Semi-automated podcast transcription

The medium of podcasting continues to grow in popularity. Americans, for example, now listen to over 21 million hours of podcasts per day. Few of those podcasts have transcripts available, so the content isn’t discoverable, searchable, linkable, reusable. It’s lost.

The typical solution is to pay a commercial transcription service, which charge roughly $1/minute and claim around 98% accuracy. For a podcast producing an hour of content a week, that would add an overhead of around $250 a month. A back catalogue of a year of podcasts would cost over $3,100 to transcribe.

When I remember fragments of some story or idea that I recall hearing on a podcast, I’d like to be able to find it again. Without searchable transcripts I can’t. It’s impractical to listen to hundreds of old episodes, so the content is effectively lost.
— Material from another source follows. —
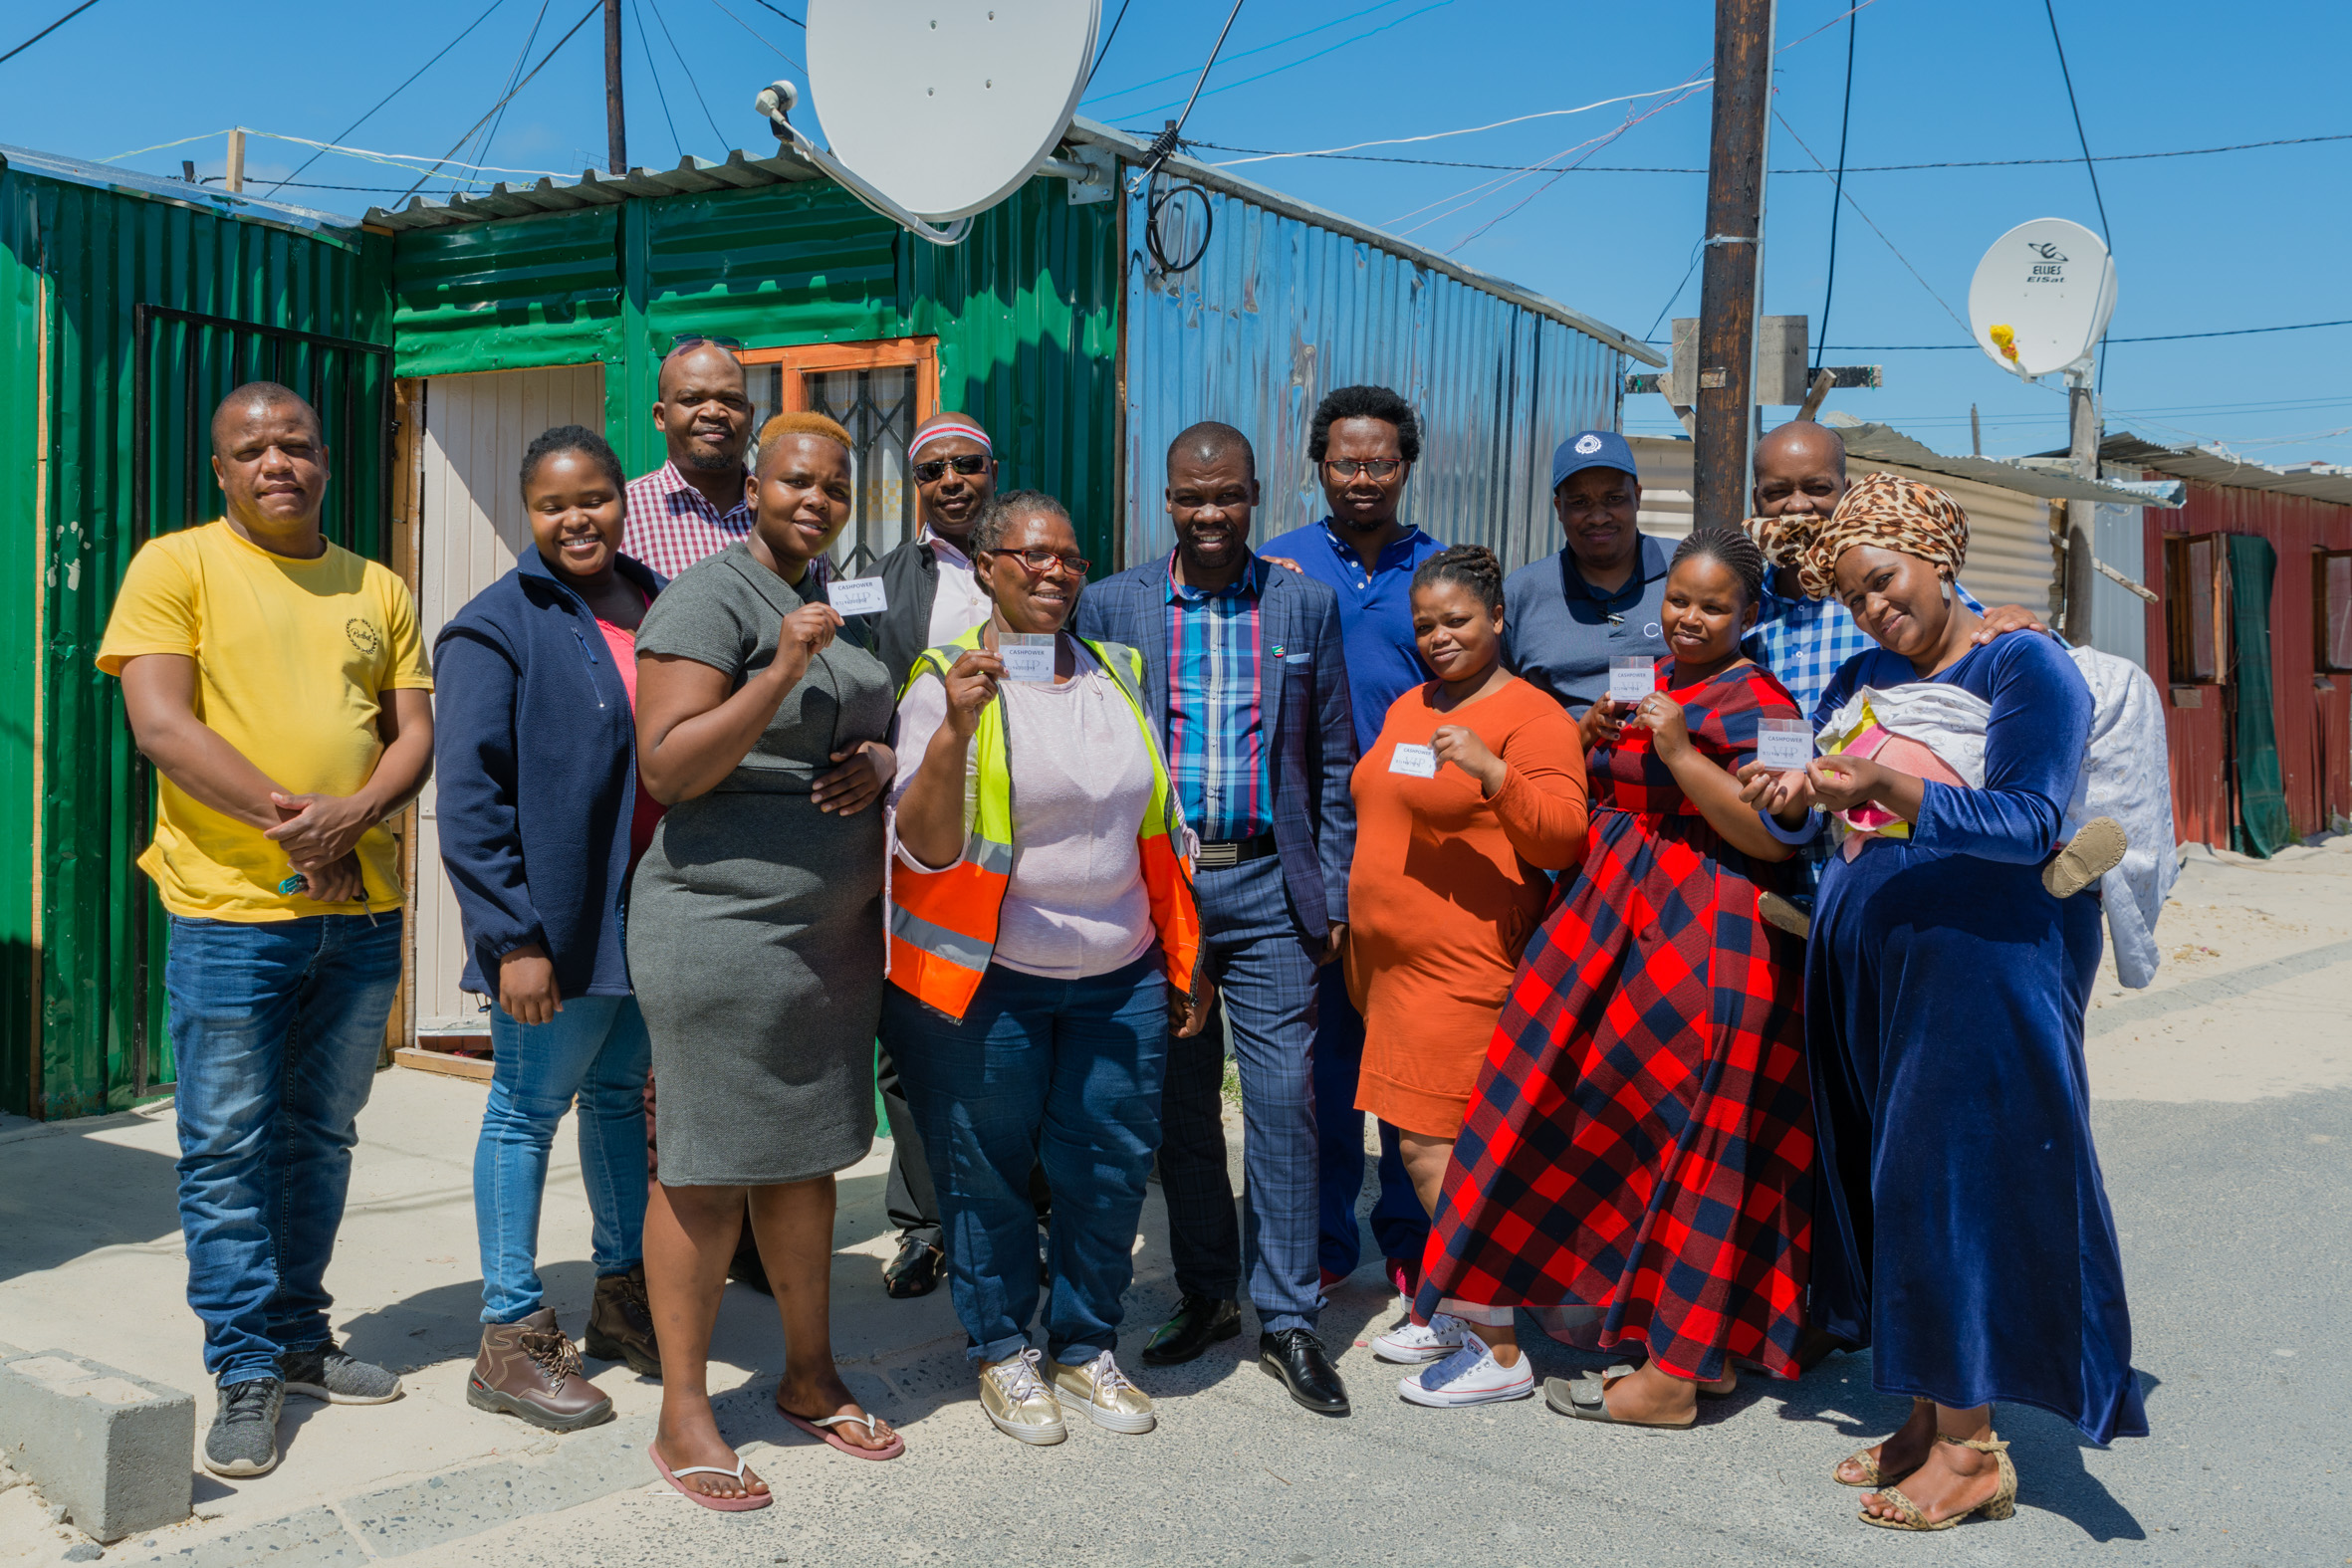 City lights up Esantini informal settlement in Mfuleni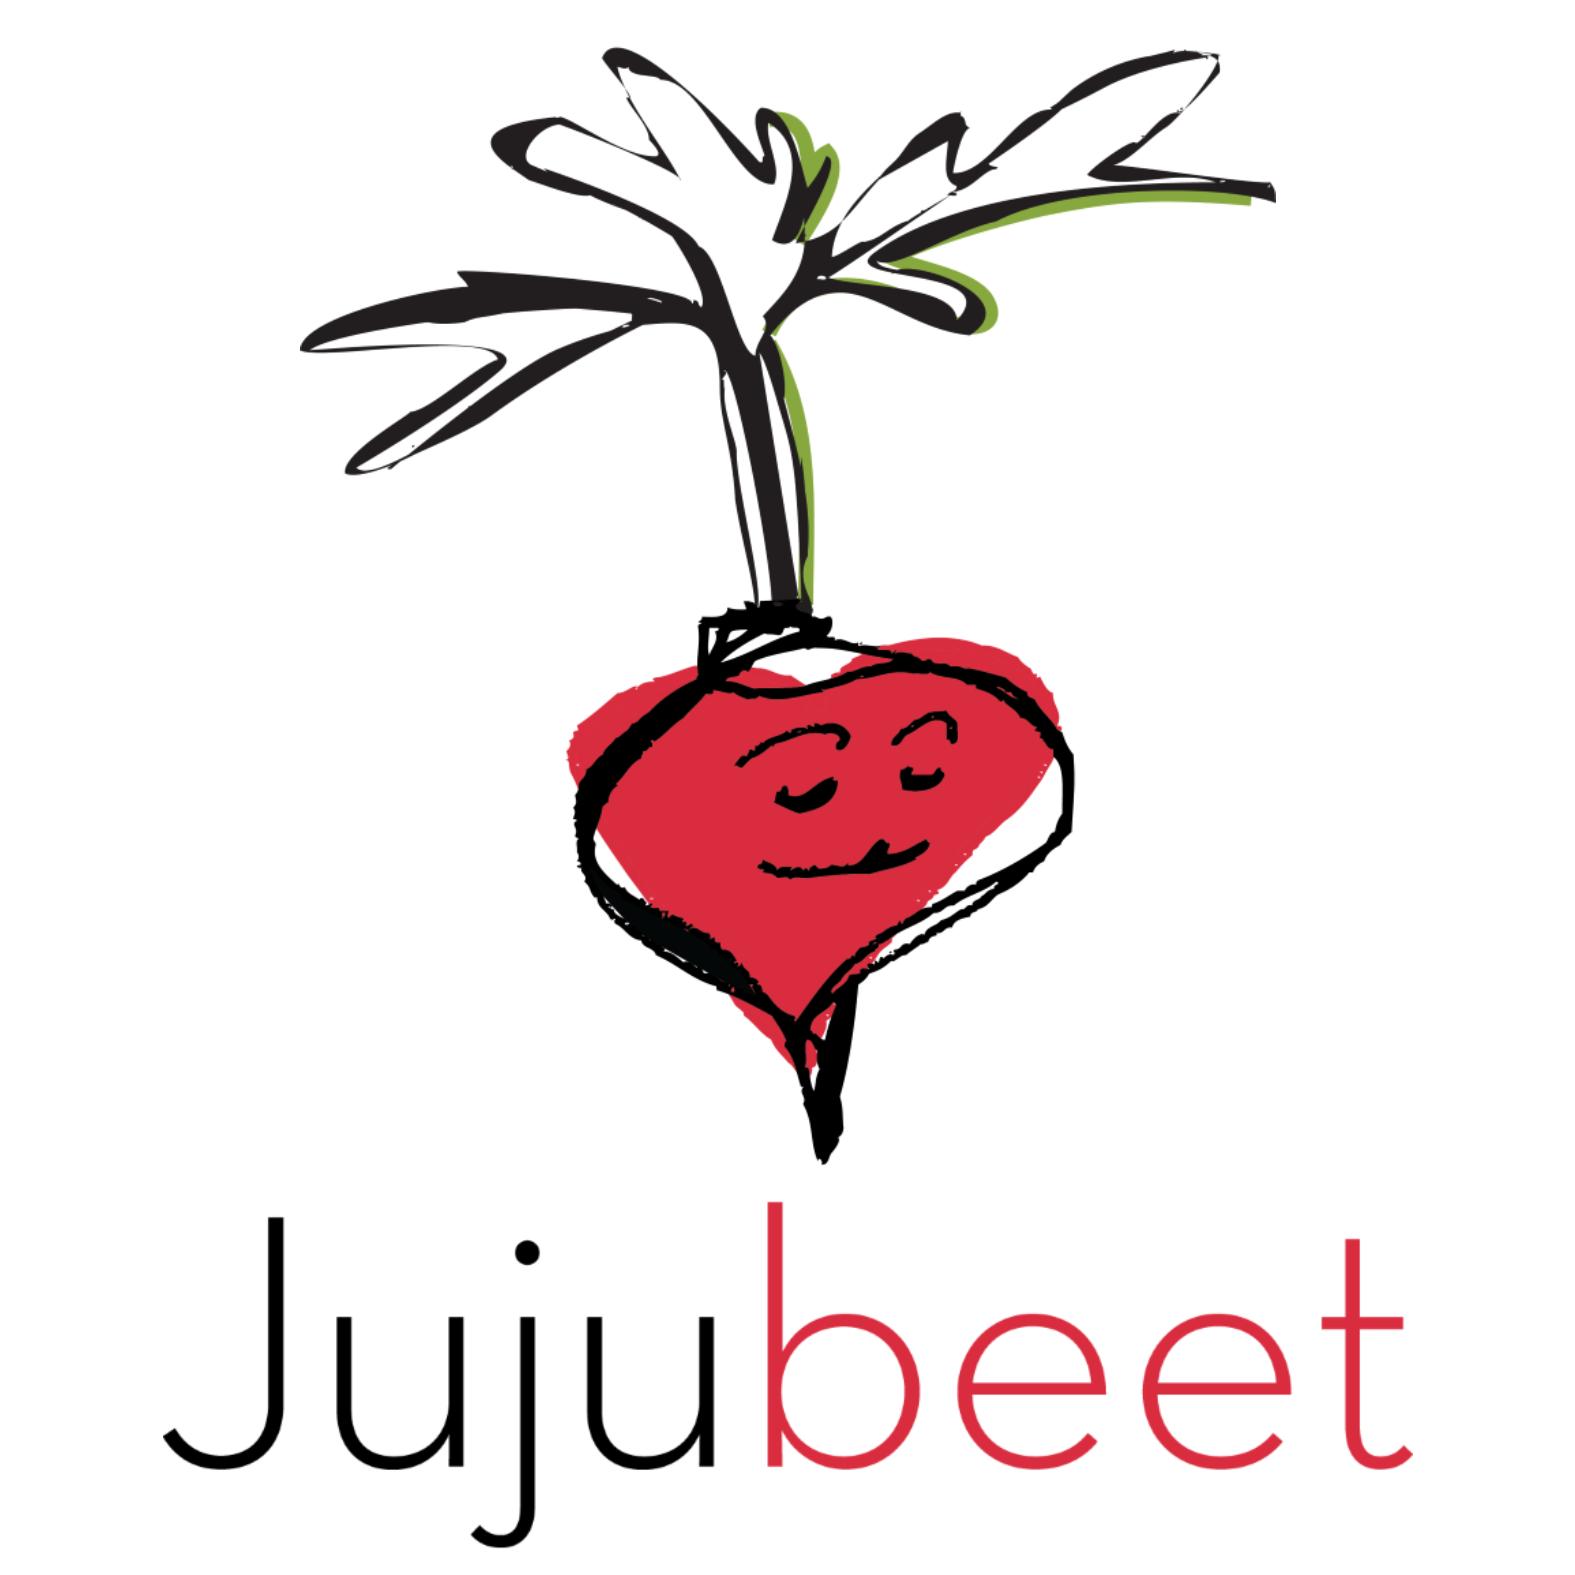 Jujubeet

Given the advances in automated speech recognition in recent years, I began to wonder if some kind of automated transcription system would be practical. This led on to some thinking about interesting user interfaces.

This (long) post is a record of my research and ponderings around this topic. I sketch out some goals, constraints, and a rough outline of what I’m thinking of, along with links to many tools, projects, and references to information that might help. I’ve also been updating it as I’ve come across extra information and new services.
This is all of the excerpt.